EXERCISE DATA:
· · · · · · ·
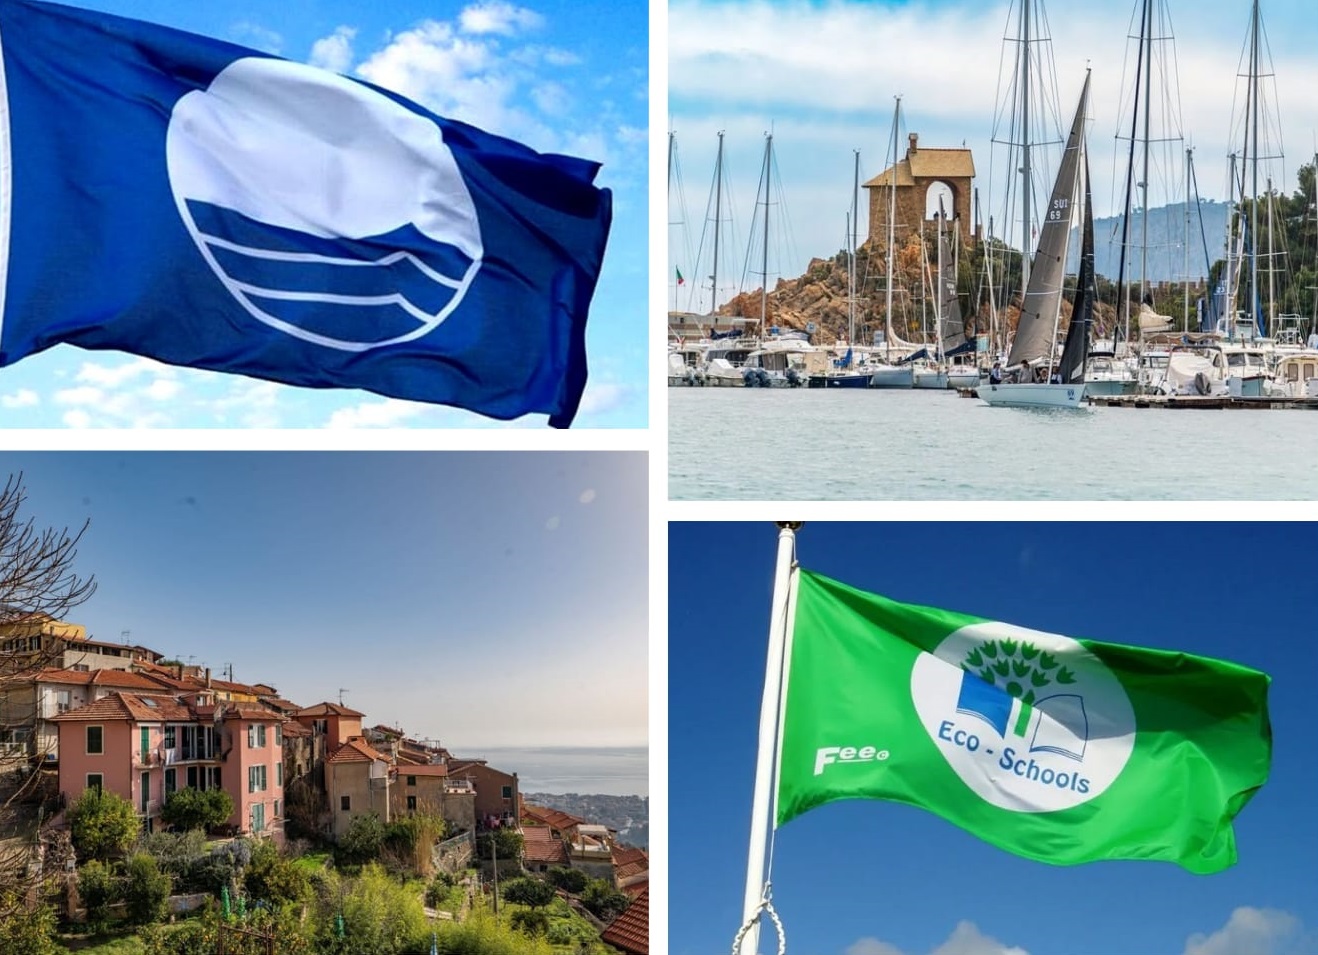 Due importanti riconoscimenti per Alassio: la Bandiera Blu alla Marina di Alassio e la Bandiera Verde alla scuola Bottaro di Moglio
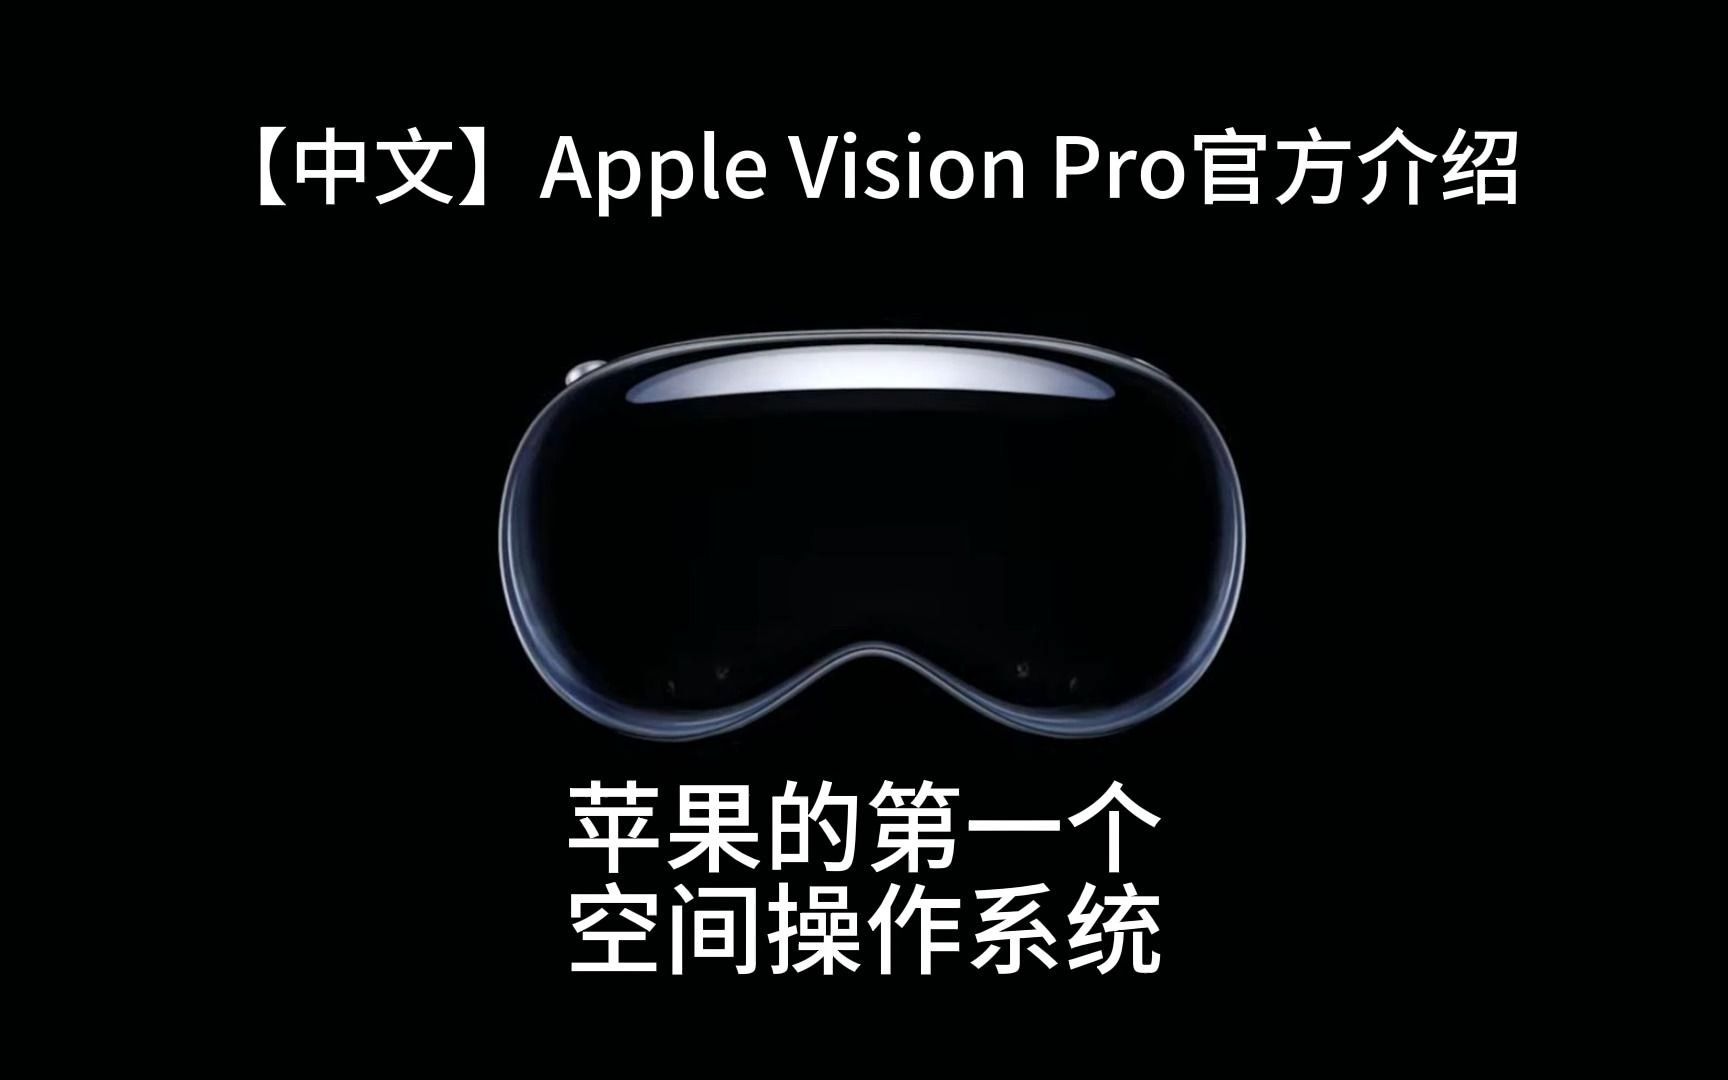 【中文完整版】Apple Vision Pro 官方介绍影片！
· · · · · · ·
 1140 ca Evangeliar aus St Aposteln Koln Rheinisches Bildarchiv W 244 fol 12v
· · · · · · ·
PROBLEM DETAILS: In the listing above, find the line with "Due importanti riconoscimenti" and the line with "Vision Pro 官方介绍影片！". Set down both and every line between them, minus the pictures.

EXERCISE RESULT:
 Due importanti riconoscimenti per Alassio: la Bandiera Blu alla Marina di Alassio e la Bandiera Verde alla scuola Bottaro di Moglio
 【中文完整版】Apple Vision Pro 官方介绍影片！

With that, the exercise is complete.